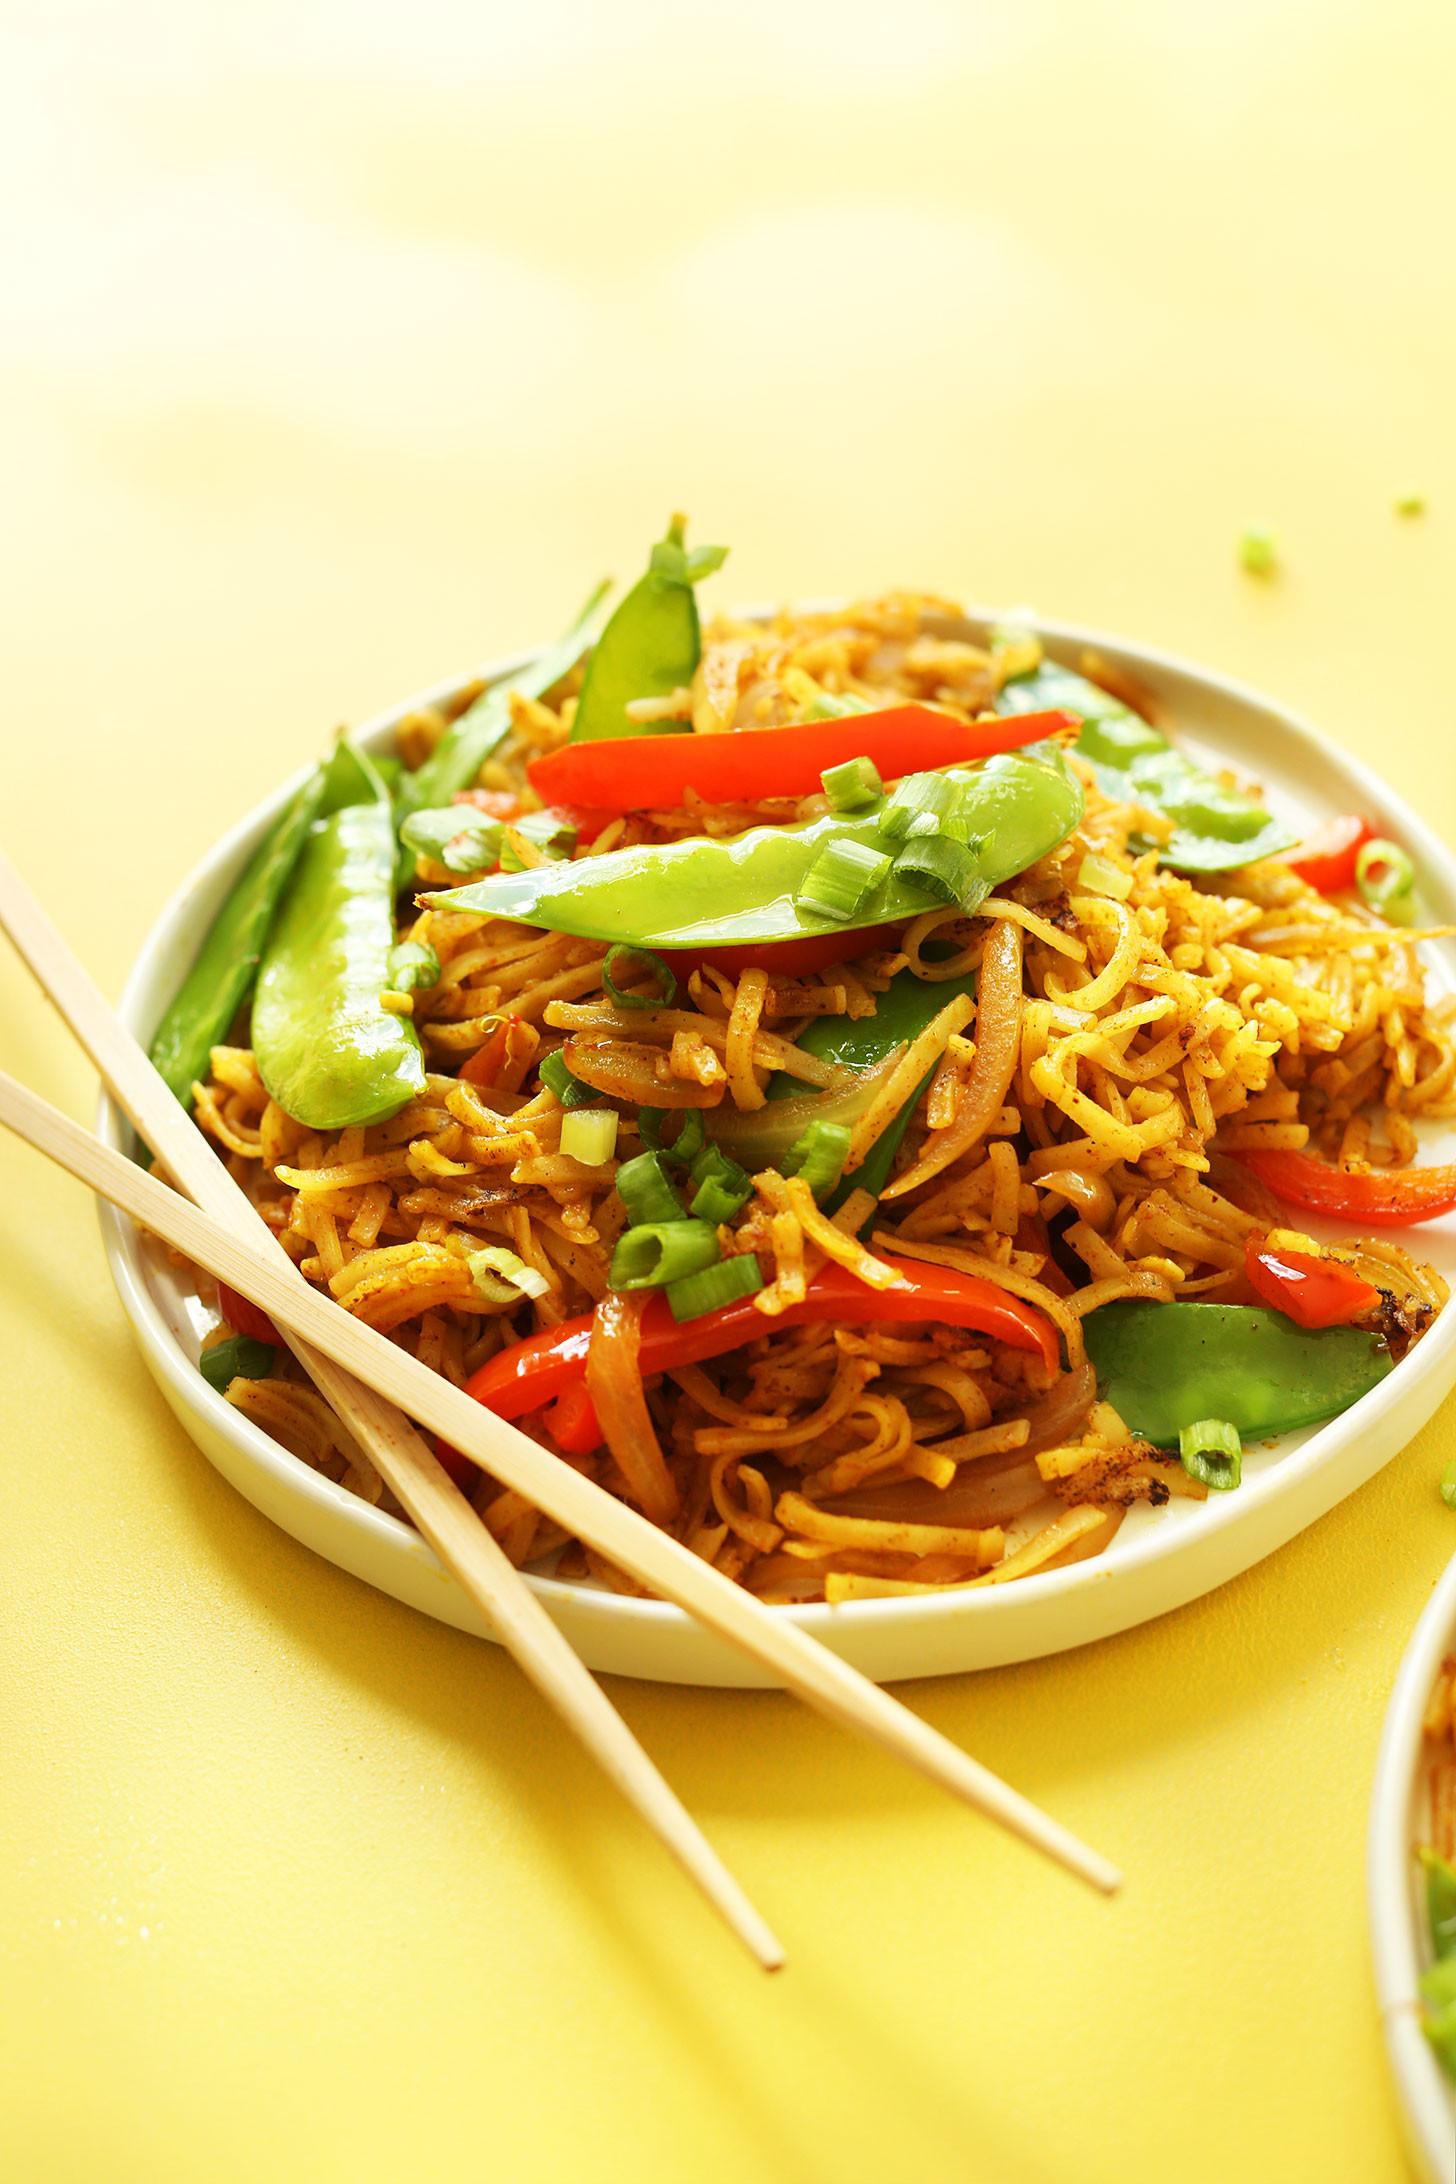 Are Noodles Healthy  EASY Vegan Singapore Noodles 10 ingre nts simple
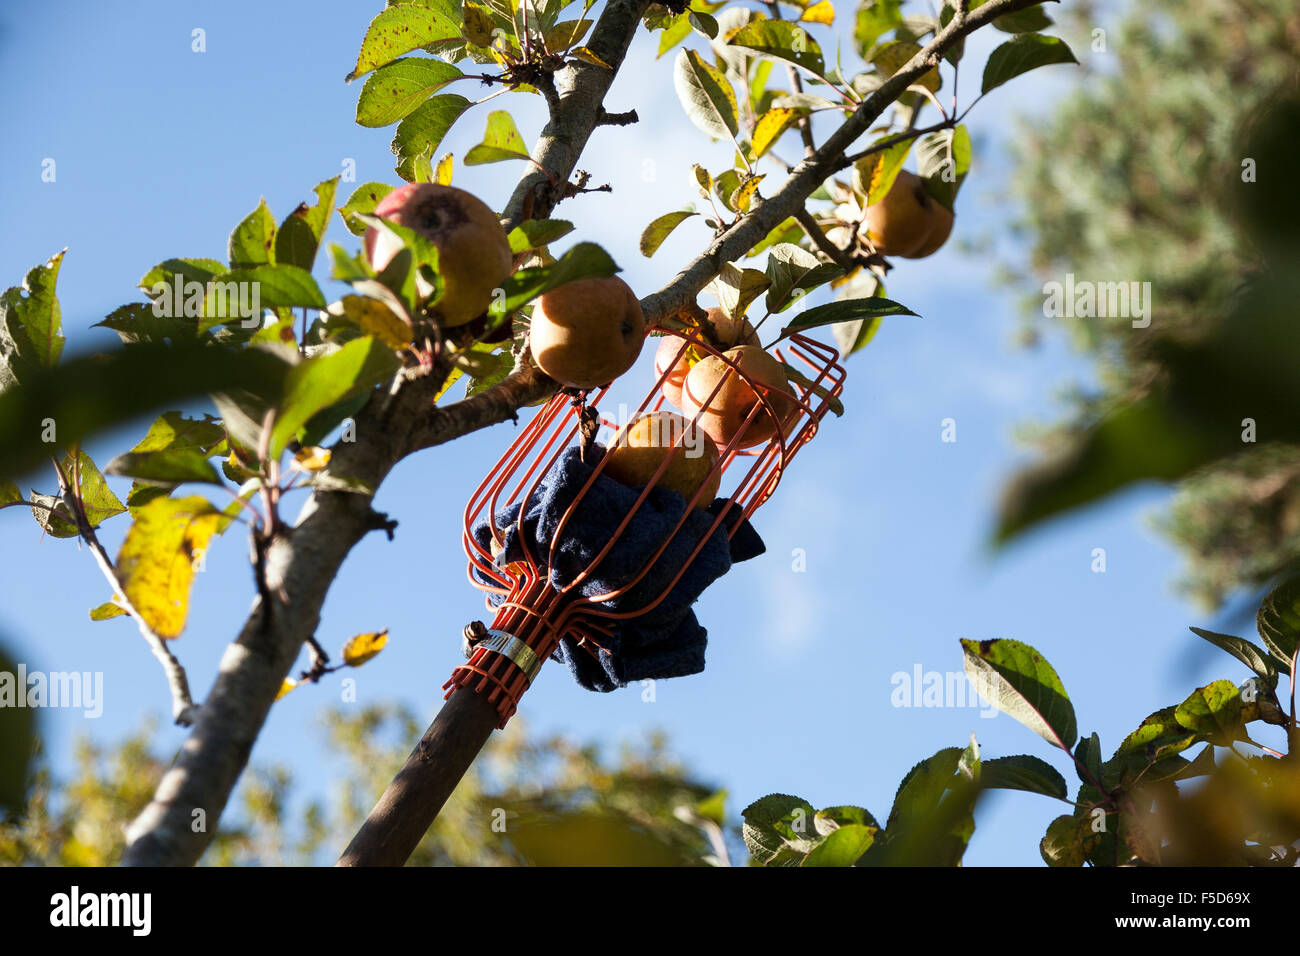 Apple picking en Devon Orchard, árbol, fruta, vector, huerto, cosecha, producir, maduras, Apple tree, contorno, Imagen De Stock
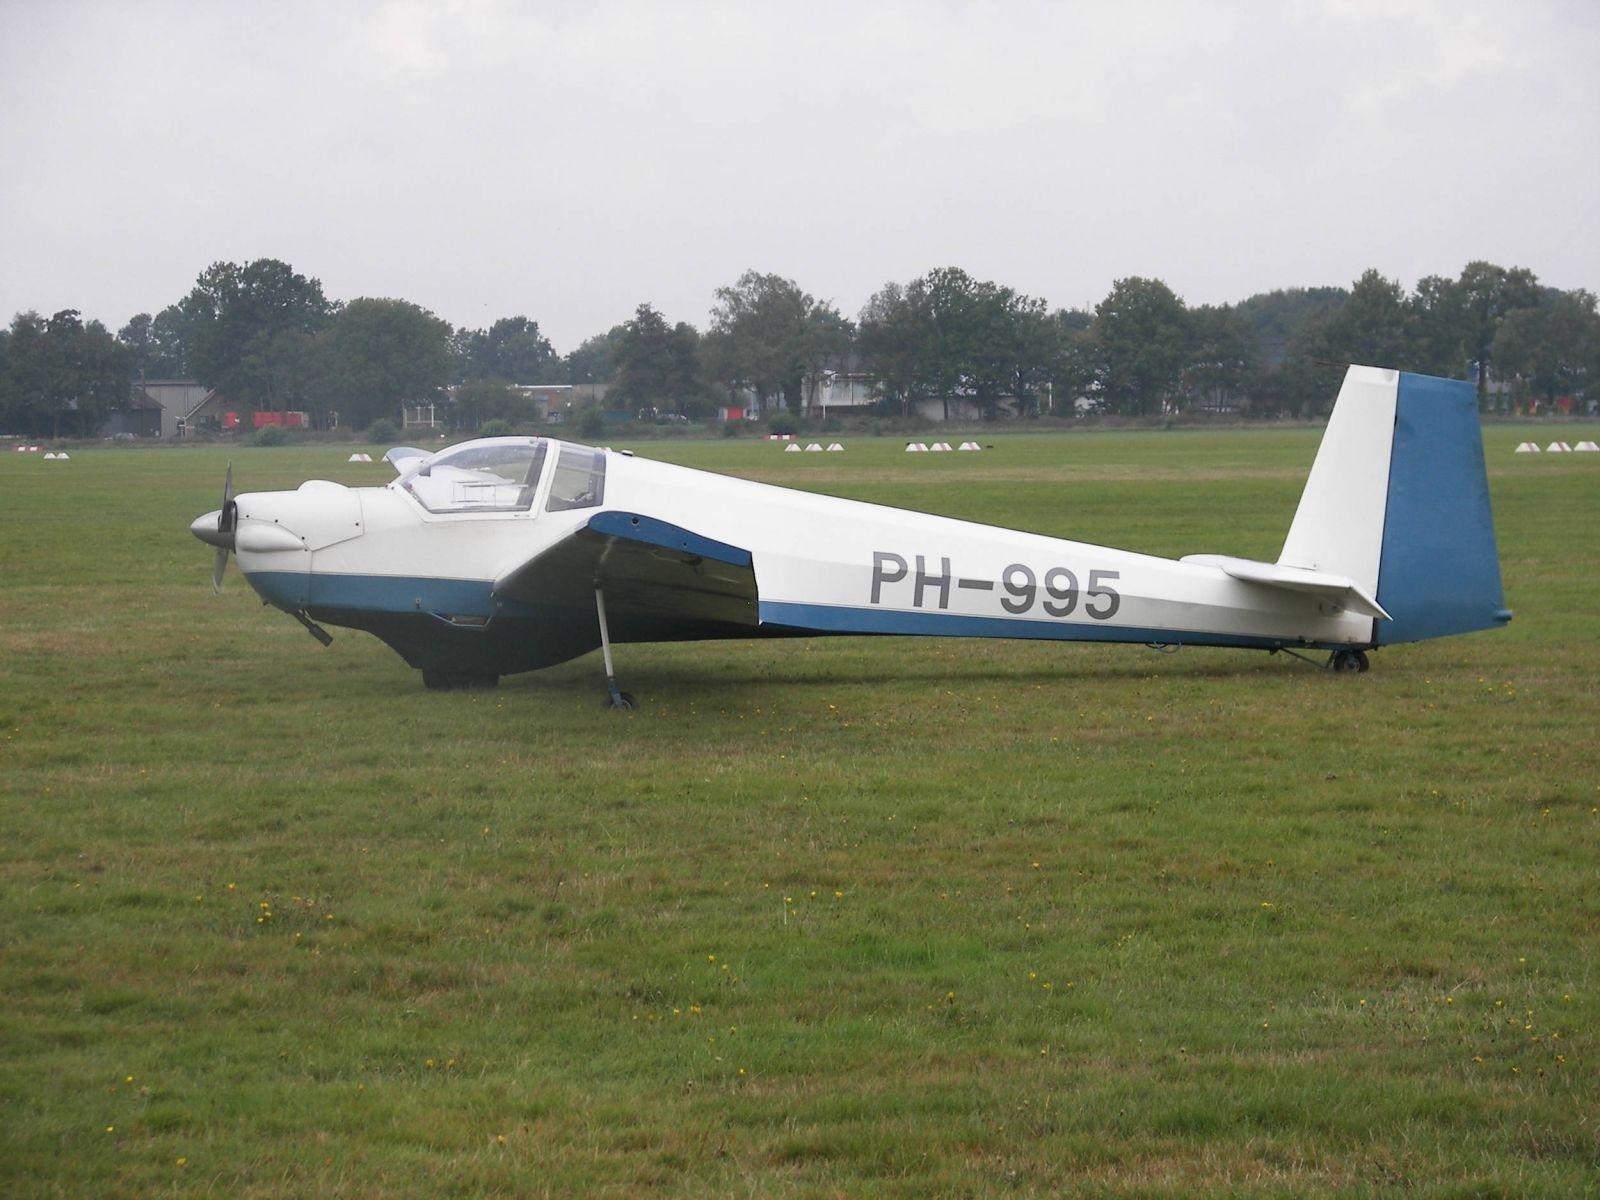 28-09-2012 EHHV (Hilversum, The Netherlands)
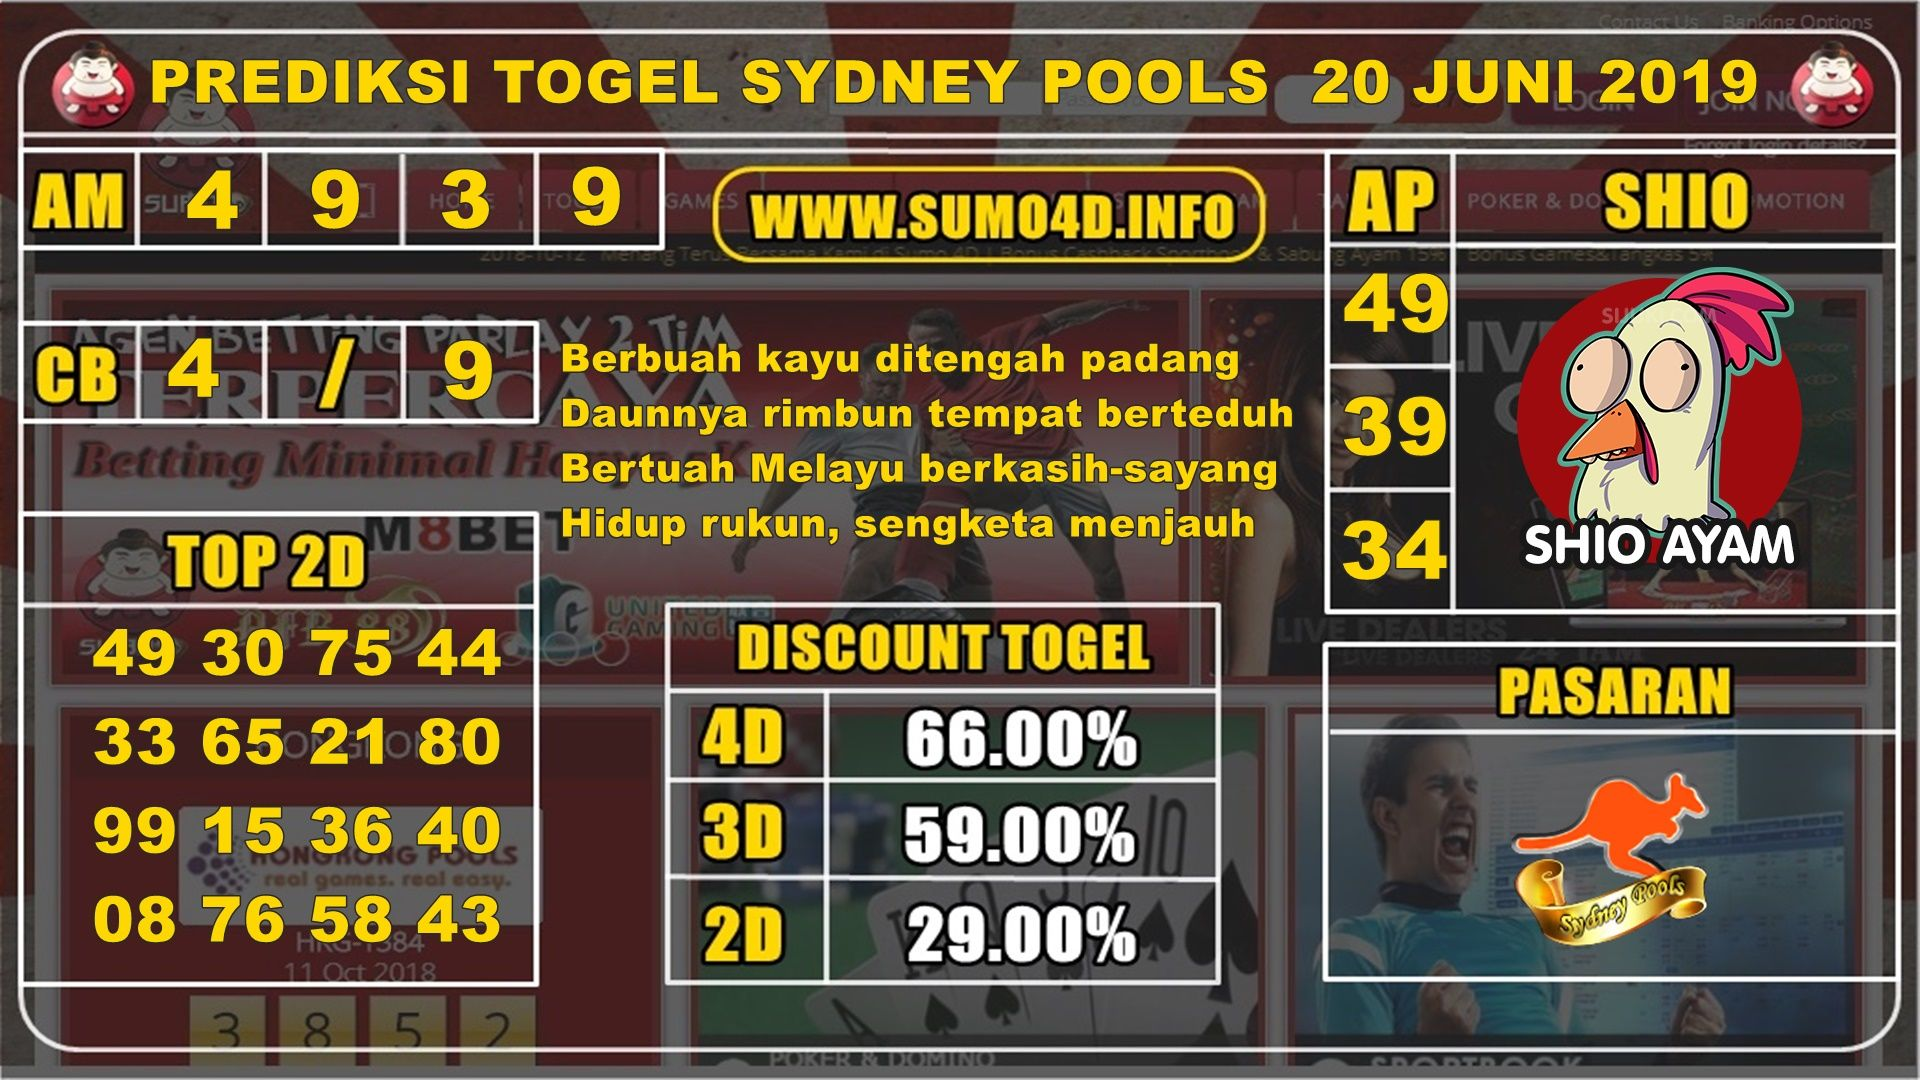 Judionline Judibola Togelonline Bandartogel Pokeronline

■ Work instructions ■
Please repeat the lines that run from the one holding "28-09-2012 EHHV (Hilversum, The Netherlands)" to the last line of the material, both included, exactly and without pictures.

■ Answer to the problem ■
 28-09-2012 EHHV (Hilversum, The Netherlands)
 Judionline Judibola Togelonline Bandartogel Pokeronline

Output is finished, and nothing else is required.